(Records from a dataset)
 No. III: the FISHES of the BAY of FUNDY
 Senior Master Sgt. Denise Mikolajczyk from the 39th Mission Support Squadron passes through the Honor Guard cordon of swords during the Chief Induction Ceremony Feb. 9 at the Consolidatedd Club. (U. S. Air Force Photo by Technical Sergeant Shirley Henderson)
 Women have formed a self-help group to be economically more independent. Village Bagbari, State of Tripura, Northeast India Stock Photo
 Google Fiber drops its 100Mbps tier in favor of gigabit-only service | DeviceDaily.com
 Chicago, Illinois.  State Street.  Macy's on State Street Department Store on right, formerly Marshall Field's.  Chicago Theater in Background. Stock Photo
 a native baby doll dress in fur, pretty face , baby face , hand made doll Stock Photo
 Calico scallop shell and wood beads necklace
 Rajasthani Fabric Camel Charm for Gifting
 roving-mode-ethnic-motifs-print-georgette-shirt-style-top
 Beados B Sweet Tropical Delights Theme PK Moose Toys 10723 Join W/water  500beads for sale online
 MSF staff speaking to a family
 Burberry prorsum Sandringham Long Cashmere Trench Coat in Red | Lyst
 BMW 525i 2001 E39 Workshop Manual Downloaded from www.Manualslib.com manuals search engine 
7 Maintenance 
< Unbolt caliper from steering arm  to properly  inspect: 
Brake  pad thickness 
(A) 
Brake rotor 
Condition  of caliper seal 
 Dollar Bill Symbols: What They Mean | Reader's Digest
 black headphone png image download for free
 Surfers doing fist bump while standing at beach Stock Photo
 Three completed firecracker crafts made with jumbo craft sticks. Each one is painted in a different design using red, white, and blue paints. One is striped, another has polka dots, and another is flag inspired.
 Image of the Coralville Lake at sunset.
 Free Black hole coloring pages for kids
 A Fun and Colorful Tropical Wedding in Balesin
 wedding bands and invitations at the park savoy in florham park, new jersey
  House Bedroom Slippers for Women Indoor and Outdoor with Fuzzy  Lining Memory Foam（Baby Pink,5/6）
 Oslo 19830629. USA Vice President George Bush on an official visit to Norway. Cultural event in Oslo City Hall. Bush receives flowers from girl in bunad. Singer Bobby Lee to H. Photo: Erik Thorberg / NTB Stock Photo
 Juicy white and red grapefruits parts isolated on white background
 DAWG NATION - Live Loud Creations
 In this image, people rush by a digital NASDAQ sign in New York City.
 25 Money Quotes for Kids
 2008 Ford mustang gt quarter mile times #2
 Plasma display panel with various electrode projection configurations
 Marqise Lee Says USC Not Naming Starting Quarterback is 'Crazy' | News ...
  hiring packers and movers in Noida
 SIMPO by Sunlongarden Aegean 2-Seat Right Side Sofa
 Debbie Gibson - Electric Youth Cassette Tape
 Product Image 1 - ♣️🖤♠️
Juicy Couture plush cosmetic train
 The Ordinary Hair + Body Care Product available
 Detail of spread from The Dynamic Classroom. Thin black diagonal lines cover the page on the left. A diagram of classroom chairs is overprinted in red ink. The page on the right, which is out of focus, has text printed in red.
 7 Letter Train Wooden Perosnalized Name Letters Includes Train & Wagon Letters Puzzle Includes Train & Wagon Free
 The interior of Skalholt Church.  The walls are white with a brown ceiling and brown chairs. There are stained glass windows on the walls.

◆ Problem to solve: Examine the records and pull out every line where the string "Juicy" occurs.

◆ Exercise result:
 Juicy white and red grapefruits parts isolated on white background
Juicy Couture plush cosmetic train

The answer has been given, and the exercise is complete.